(Task description)
Beginning at the line that contains "How to Clean a Microwave: 3 Easy Ways", output each line exactly through the end of the records, and drop any pictures.

.....

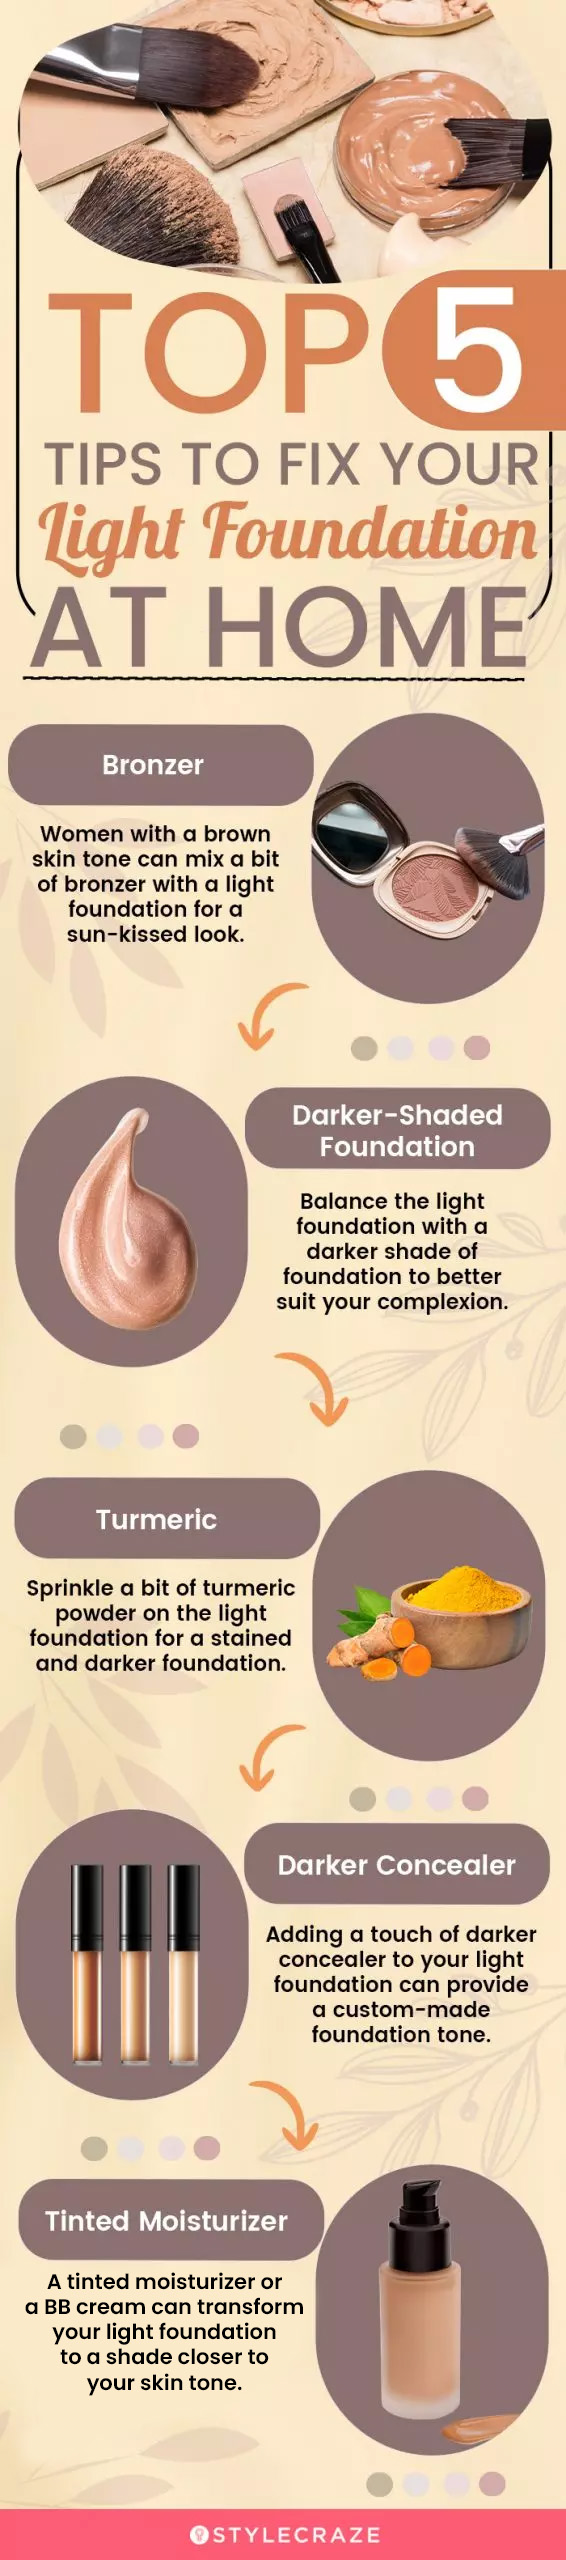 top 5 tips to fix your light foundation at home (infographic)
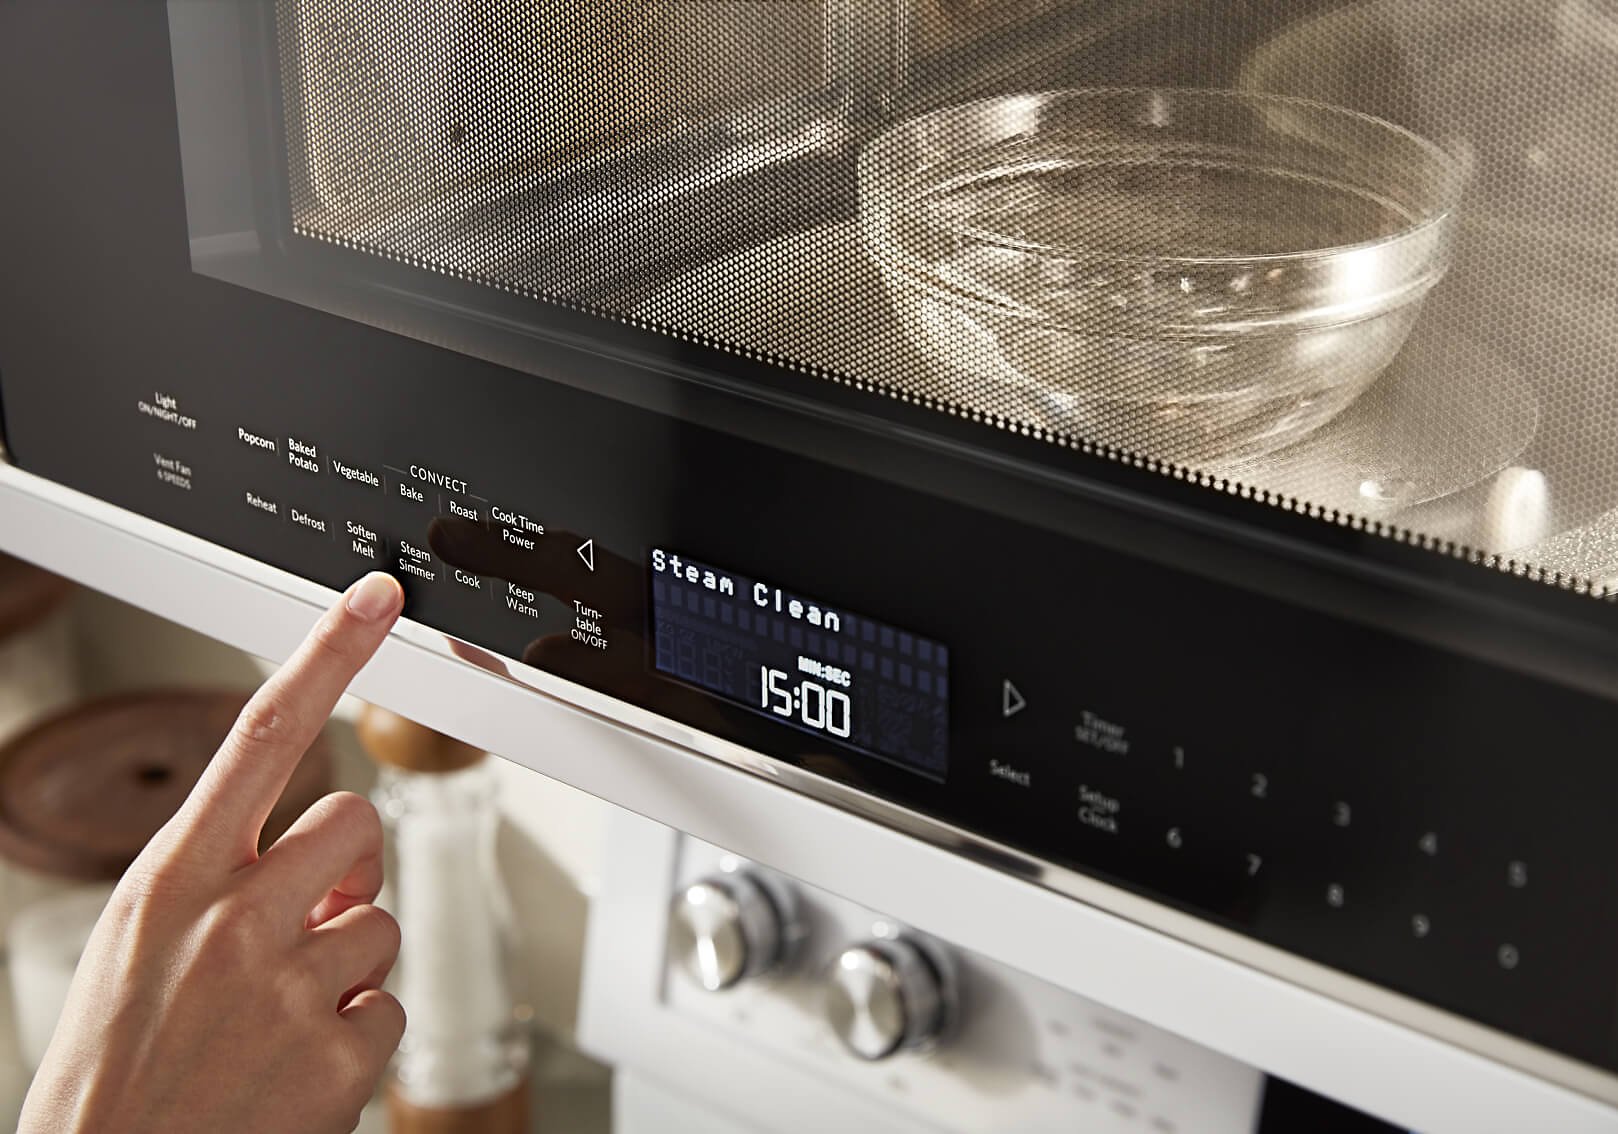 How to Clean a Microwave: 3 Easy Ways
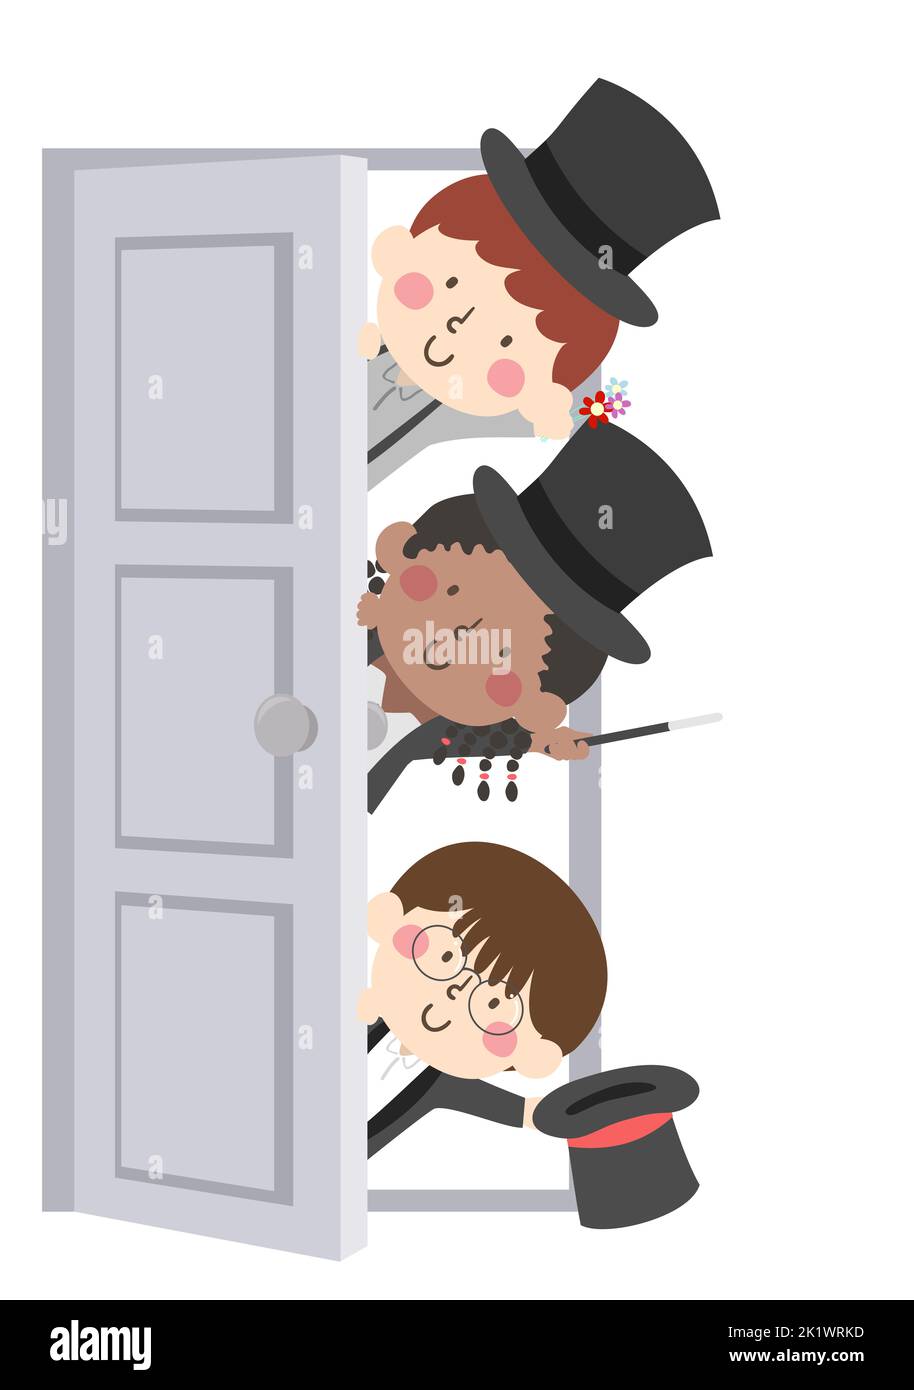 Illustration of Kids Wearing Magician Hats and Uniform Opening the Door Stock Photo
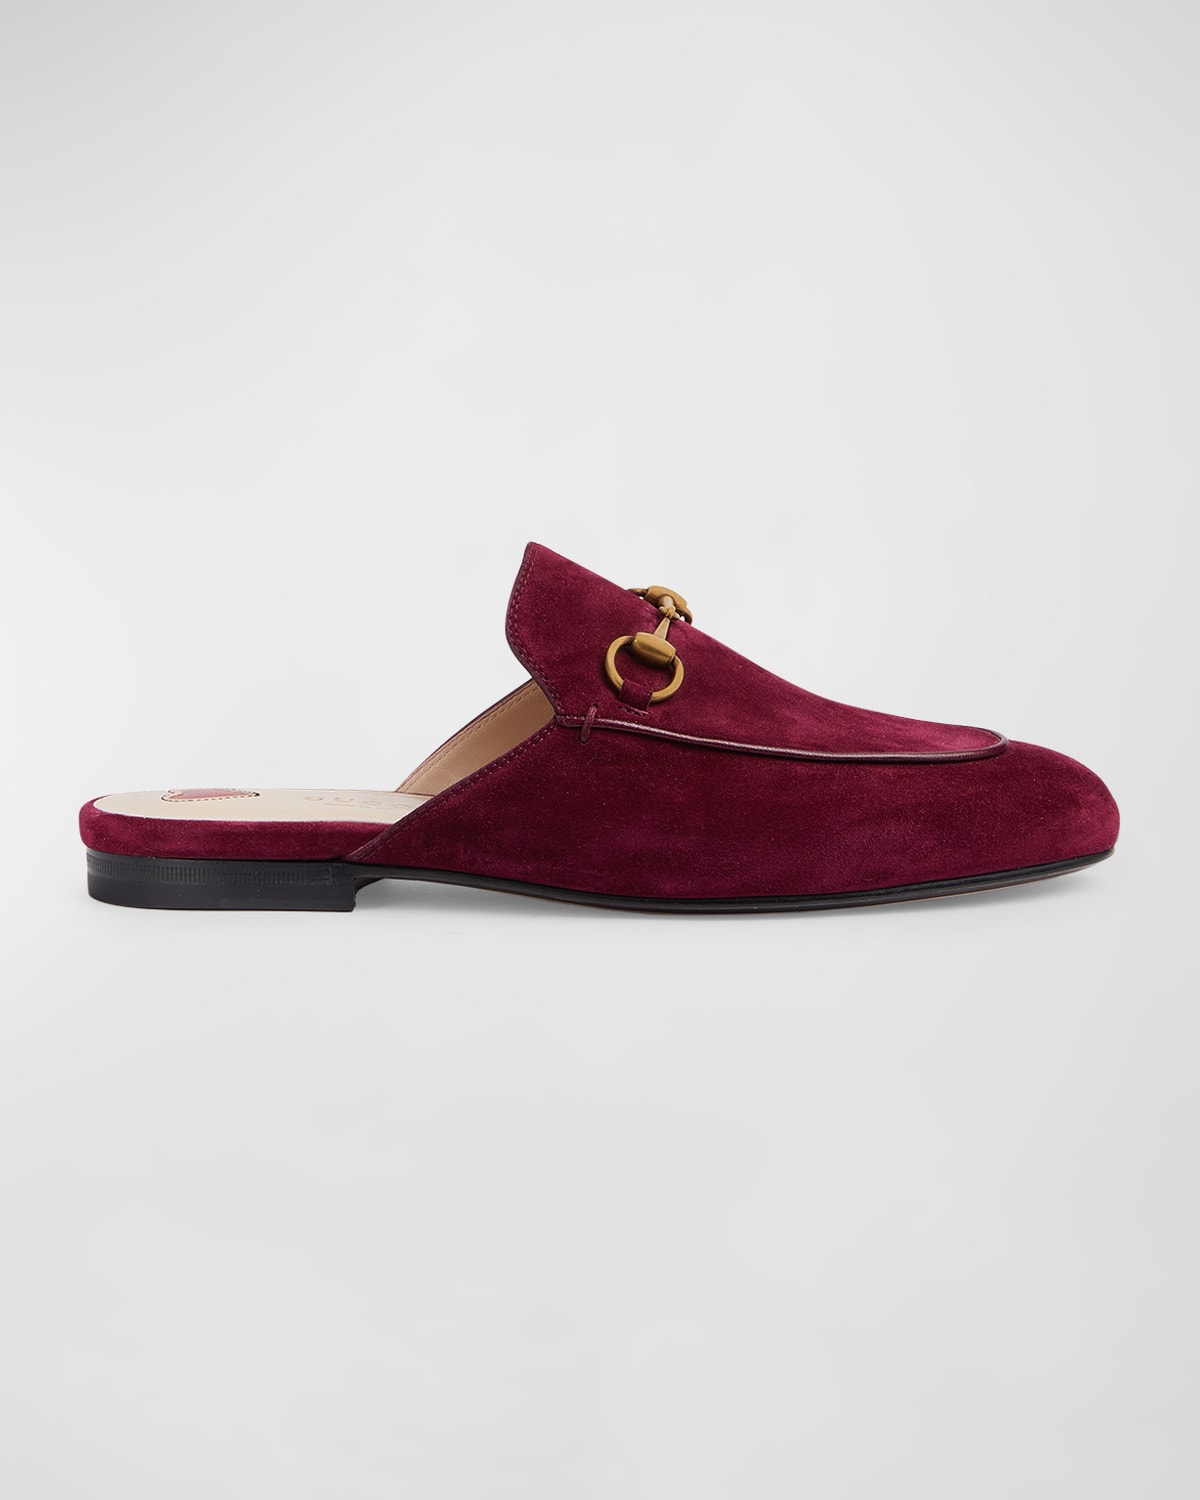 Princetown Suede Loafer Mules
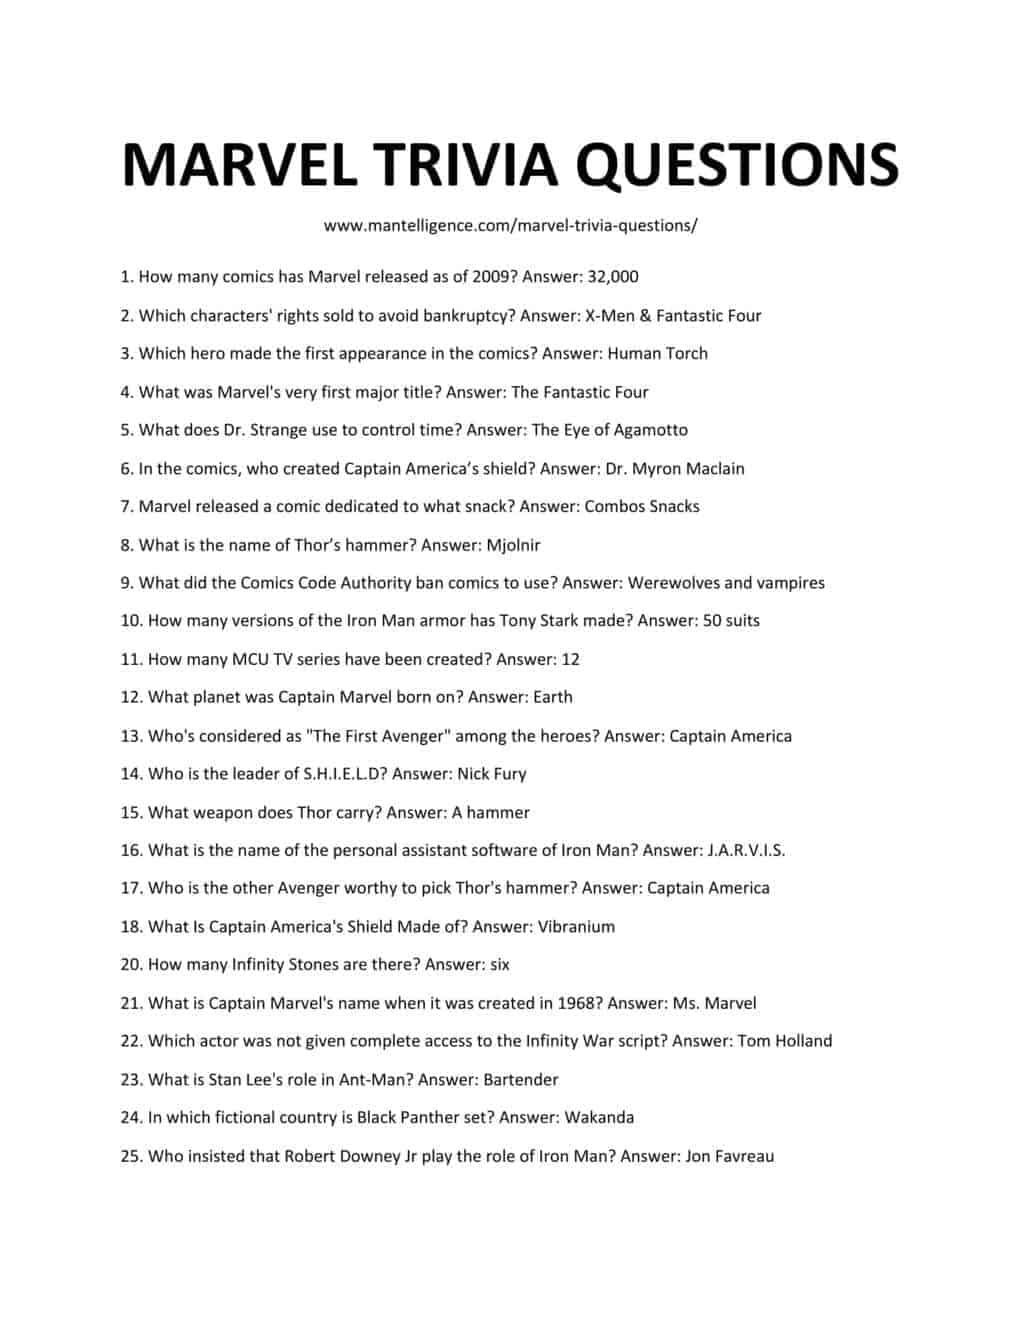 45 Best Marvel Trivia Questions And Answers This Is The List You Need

.....

(Output)
 How to Clean a Microwave: 3 Easy Ways
 Illustration of Kids Wearing Magician Hats and Uniform Opening the Door Stock Photo
 Princetown Suede Loafer Mules
 45 Best Marvel Trivia Questions And Answers This Is The List You Need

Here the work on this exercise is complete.